For Hunt, Adopt Change’s campaigning is about highlighting the positive impact that adoption has on children who wouldn’t otherwise have a permanent home.

“What we’re advocating is open, ethical adoption with the child at the centre. Children do best in loving permanent families; they get to have healthy relationships, and this has an incredibly positive impact on their development and education,” she says.

The other important factor driving Australia’s resistance to adoption is its unwieldy and fragmented adoption laws. As Hunt points out, at the moment each state of Australia has different rules and regulations surrounding adoption, and the process of adopting a child can take years.

In New South Wales, an adoption from out-of-home (children and young people who live out-of-home and cannot live with their families, often because of abuse and neglect) can take up to four years, while adopting from an overseas orphanage can take up to seven years.

Smoothing the way

Prime Minister Tony Abbott has committed to reducing the wait times on international adoptions and has proposed an Intercountry Adoption Support Service that will help Australians navigate the adoption processes in countries with which Australia has agreements. These currently include India, Sri Lanka and Thailand.

The prime minister has also said that streamlining the states’ adoptions laws is on the agenda for the upcoming Council of Australian Government (COAG) meetings.

For Timothy Harcourt, the J.W. Nevile Fellow in Economics at the Australian School of Business at the University of New South Wales, and his wife Jo Bosben, adopting their two children – Yun Shi, 10, from southern China and Jhen Huei, four, from Taiwan – was the most rewarding thing they have ever done.

“[Adopting] is the best thing you can do in the world,” says Harcourt. It took three and a half years for the couple to adopt Yun Shi (at age one). The couple had planned to adopt in China again, however they were told that adopting from Taiwan might take less time. Adopting Jhen Huei ended up taking five years, and he was four when the couple finally took him home.

Harcourt puts the difficulties down to bureaucracy and while he is adamant much of the hoop-jumping must be in place to properly protect children, some of it is unnecessary and clunky.

“There’s lots of paperwork.

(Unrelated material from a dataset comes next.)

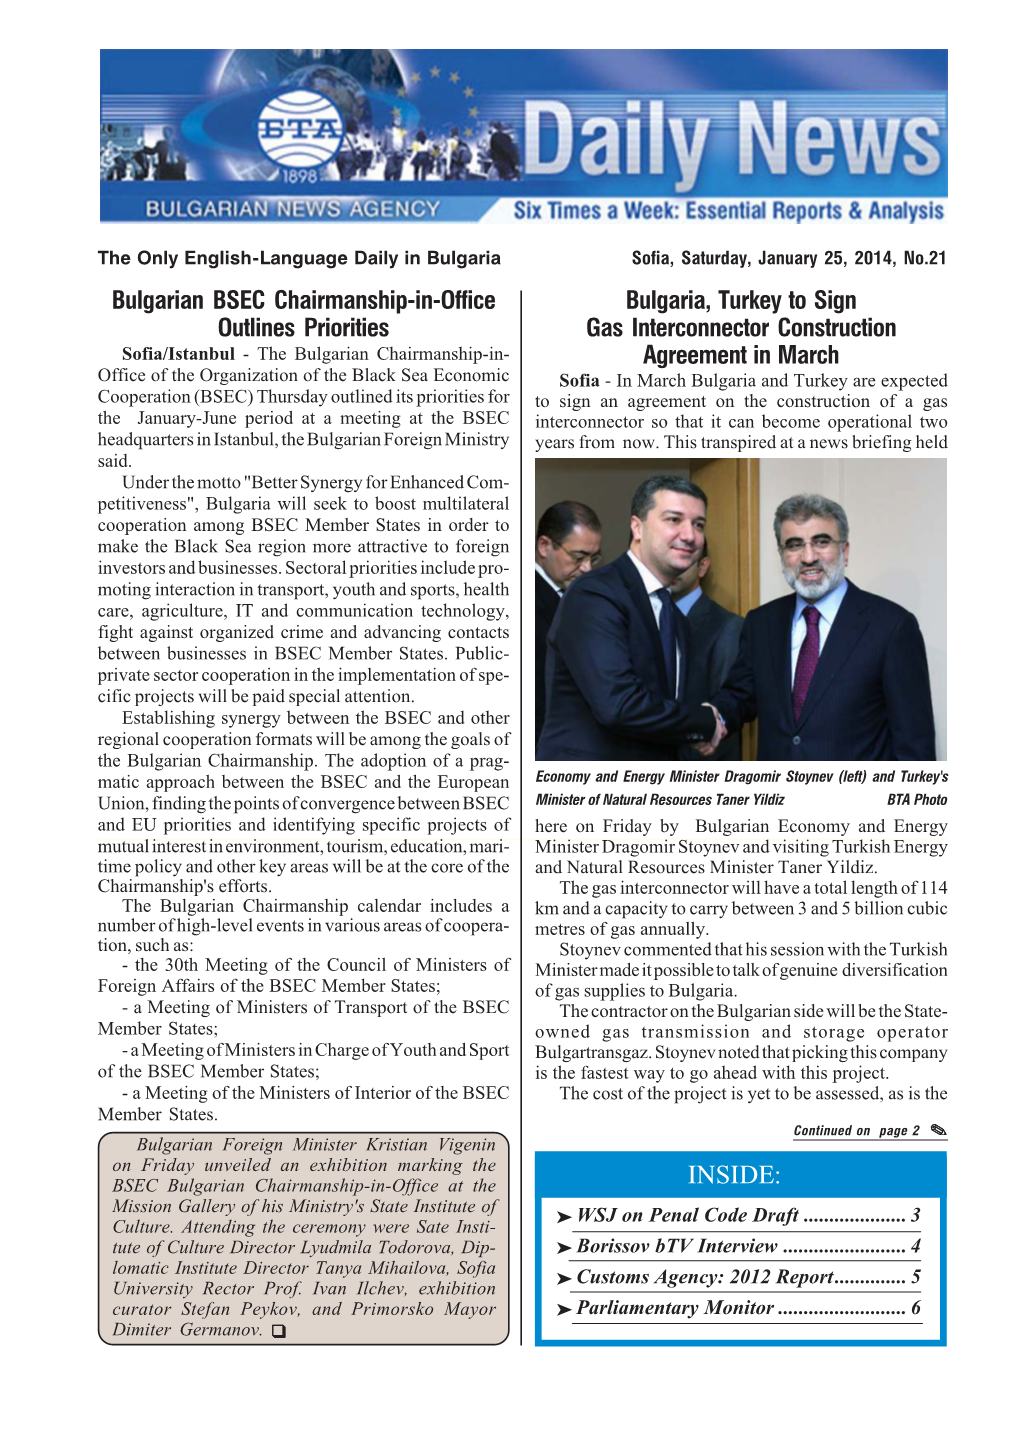 INSIDE: Bulgarian BSEC Chairmanship-In-Office Outlines
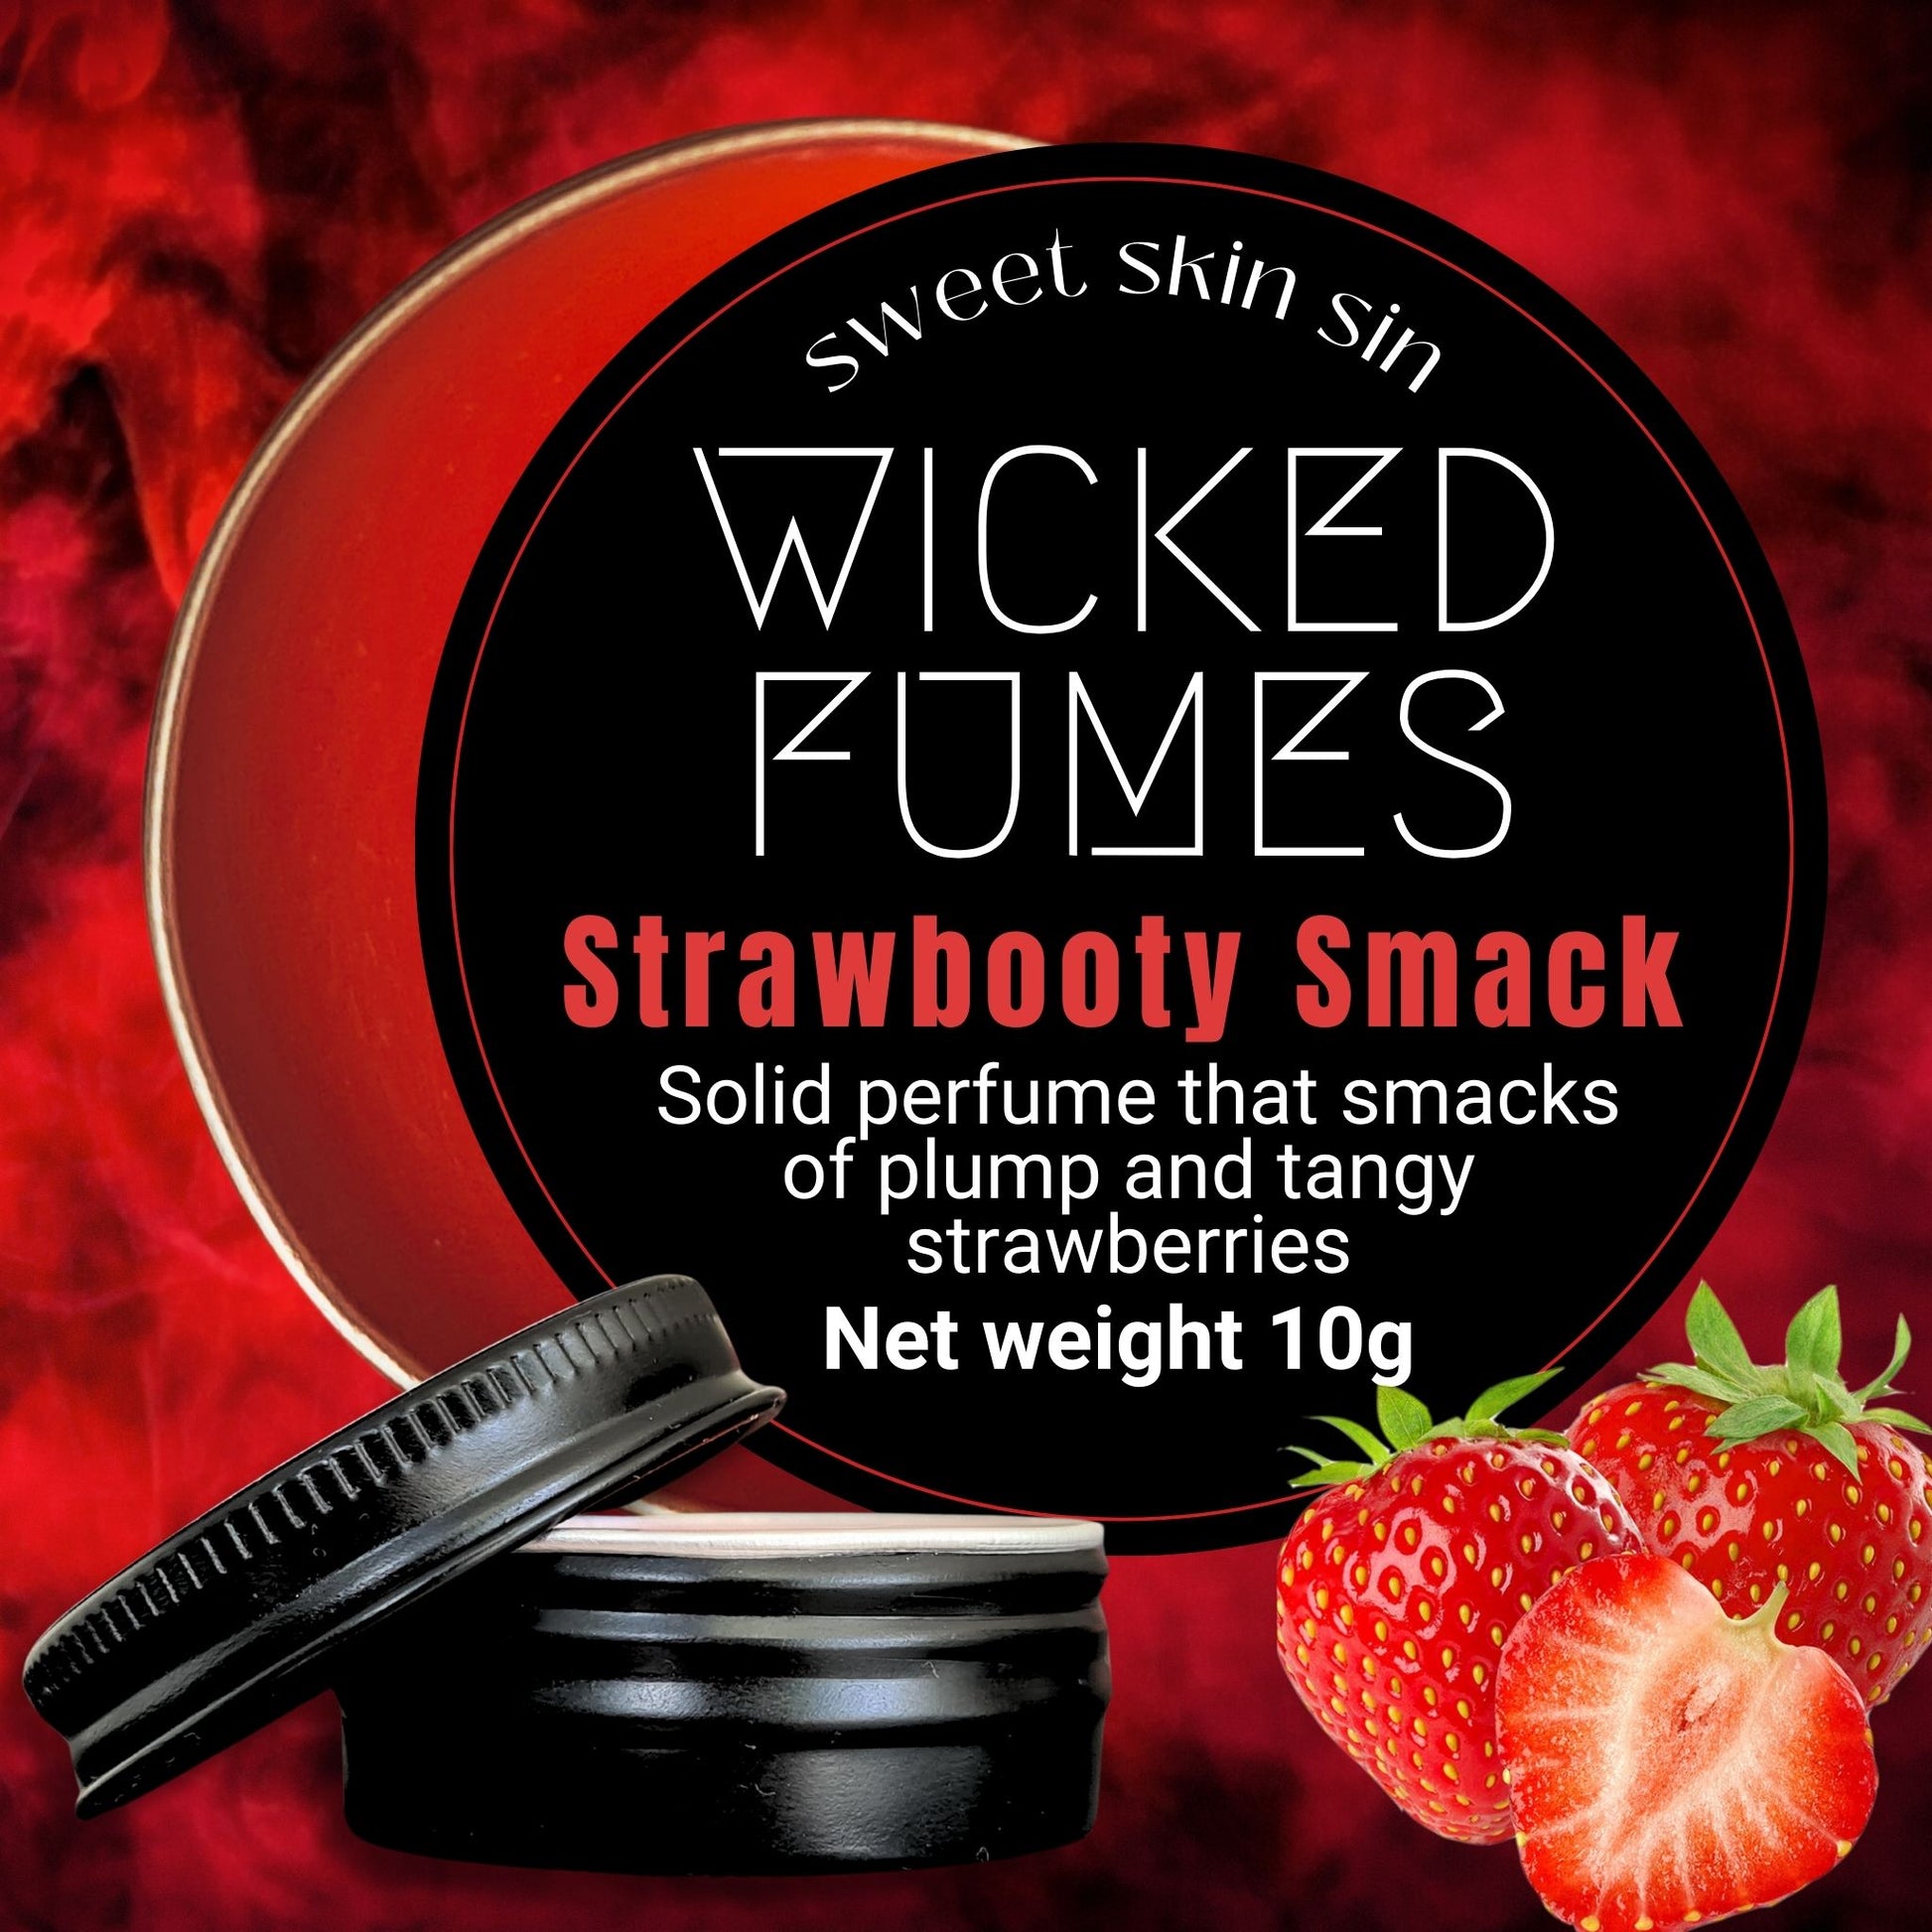 Image of a solid perfume Strawbooty Smack from Wicked Fumes in a small black round jar against a red smoke background with some strawberries pictured

A lot of the hoops are for protecting children – the police checks and so on are the important stuff. But then there are the 30-page contracts sitting on an official’s desk somewhere, where one mistake – say putting Tom instead of Tim – will mean that you need to start the whole thing from scratch.

“There needs to be more streamlining to make it more efficient, while keeping in the same protections,” says Harcourt.

However, Harcourt believes those annoyances soon dissipate when you take your child home for the first time. “For all the frustrations about paperwork, it’s always worth it,” he says.

Changing attitudes

For prospective parents looking to adopt, Harcourt has this advice: “Treat it [adoption] as a first resort, not a last resort … these are children that don’t have mums and dads for whatever reason,” he says. The other important thing to remember, says Harcourt, is the adoption doesn’t define who your children are – it’s just one part of their full lives.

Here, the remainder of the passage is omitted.